Reproductive surgery may be able to repair fertility problems that cannot be treated with medication. Reproductive surgery may also eliminate the need for advanced treatments, including in-vitro fertilization (IVF) and other assisted reproductive technology (ART) procedures. Many causes of infertility, including fibroids, cysts, polyps, adhesions, endometriosis, tubal blockage, hydrosalpinx and birth defects, can be treated surgically.
Female reproductive surgery can diagnose and repair conditions that may lead to or cause infertility.
Tubal ligation, in which the fallopian tubes are tied, cauterized, or sealed with a clip or ring, is considered a permanent method of birth control. Sometimes, however, a woman changes her mind about not getting pregnant, and requests tubal reanastomosis (tubal-ligation reversal). Tubal reanastomosis is performed through a small incision, and reattaches the ends of the fallopian tubes with delicate sutures. Women who have had only small portions of their tubes removed, or whose tubes were sealed using clips or rings, are the best candidates for tubal reanastomosis.

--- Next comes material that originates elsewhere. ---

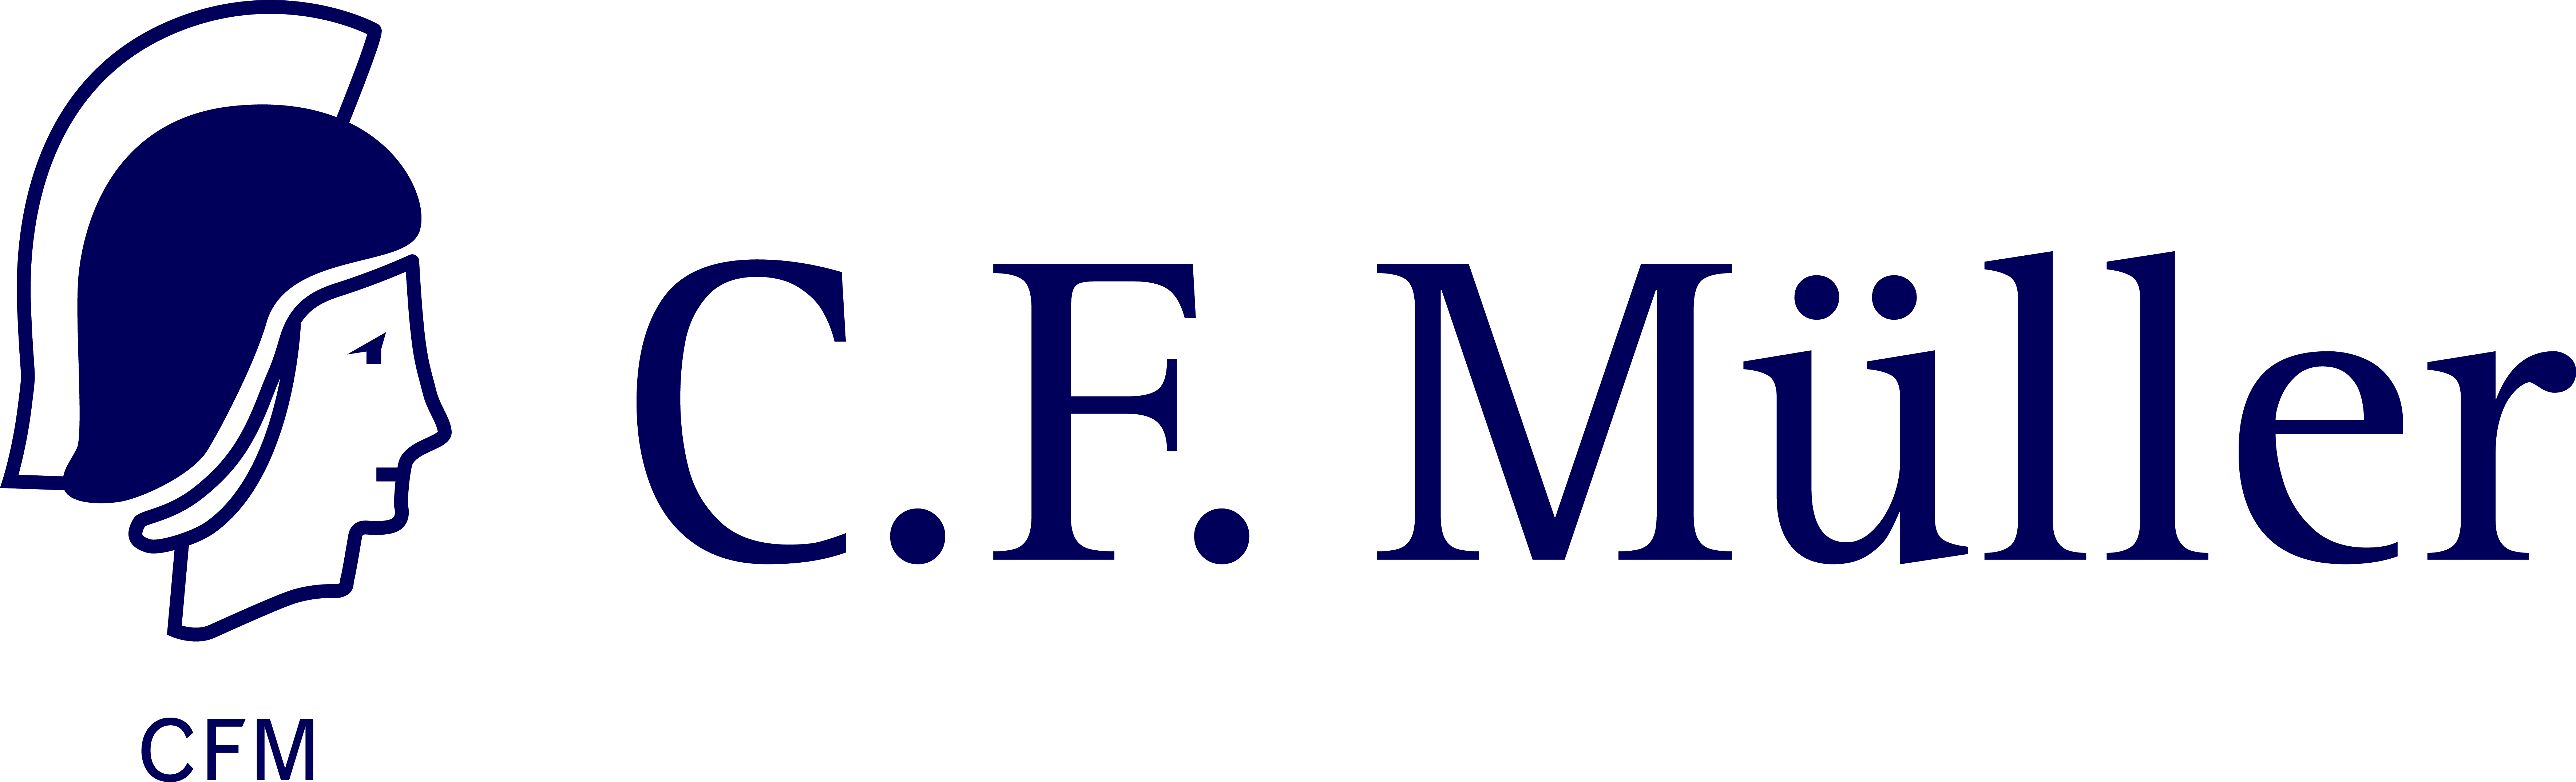 CFMueller-Logo-2009-blau

Hysteroscopy enables the physician to view, and often correct, problems in the uterus. During hysteroscopy, the cervix is gently dilated, and then expanded with either gas or fluid. A hysteroscope, which is a thin, flexible tube with a camera and light, is inserted through the vagina and into the uterus. Hysteroscopy is also used to repair or remove polyps, uterine fibroids and intrauterine adhesions.

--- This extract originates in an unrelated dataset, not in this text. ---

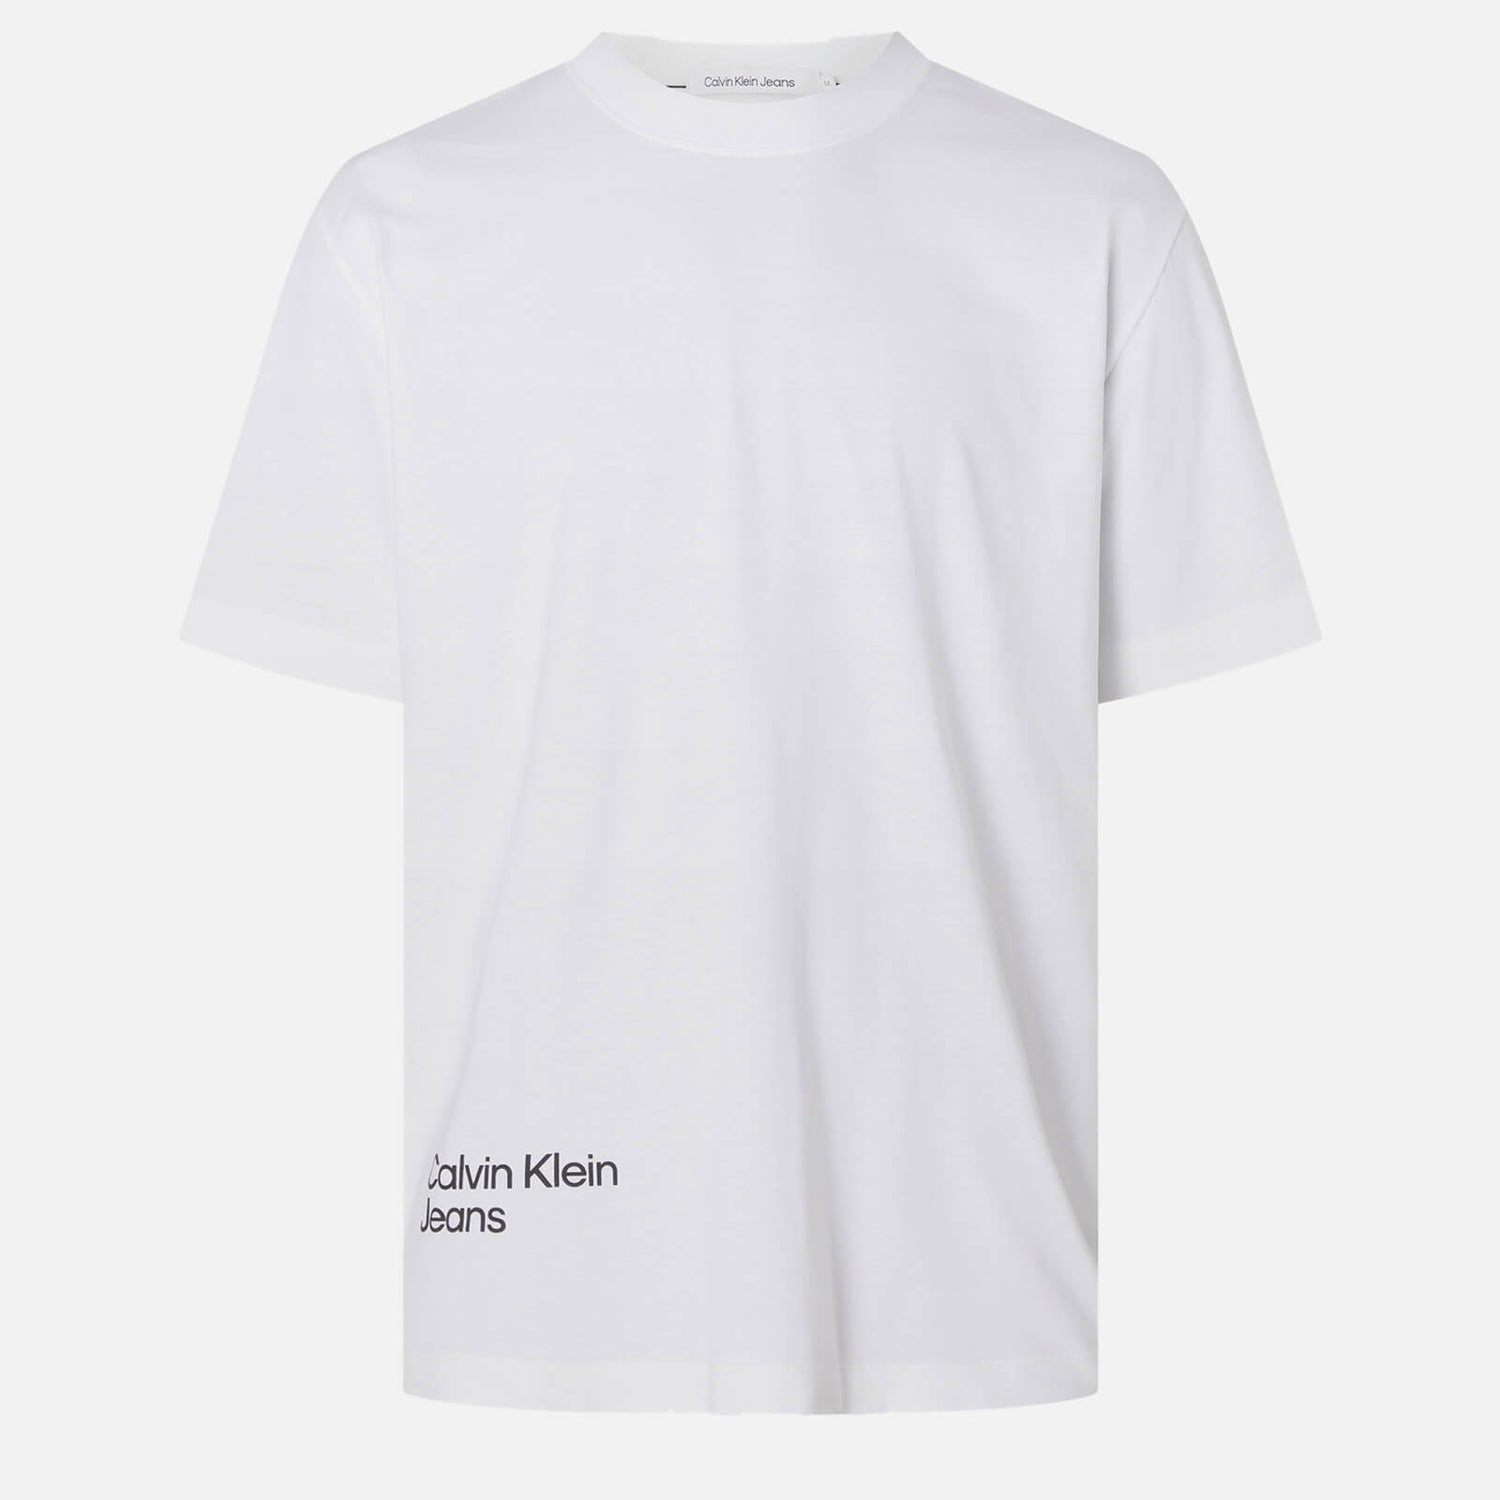 Calvin Klein Jeans Blurred Graphic Cotton T-Shirt

Laparotomy is performed when endometriosis may be causing infertility. It requires a fairly large incision, which allows the physician to better see any abnormalities, but extends recovery time. Laparotomy may be appropriate for tubal reversal and repair, and fibroid removal.
Tubal cannulation is performed to correct cornual occlusion, which is a blockage in a fallopian tube. Using fluoroscopy or hysteroscopy, a thin wire is inserted through the cervix and uterus to open the tube and clear the blockage.
Neosalpingostomy is a laparoscopic procedure that treats hydrosalpinx, a condition in which a fallopian tube is blocked and filled with fluid. Neosalpingostomy folds back the blocked end of the tube. The success of neosalpingostomy depends on the amount of tubal damage and number of adnexal masses (cysts).
Considerations Of Reproductive Surgery
Some conditions may be corrected during a laparoscopic diagnostic procedure, which may heal faster and be less costly than conventional surgery. Treatment options should be discussed with the physician before deciding on a particular procedure, as should the physician’s expertise in the microsurgical techniques often required for reproductive surgery.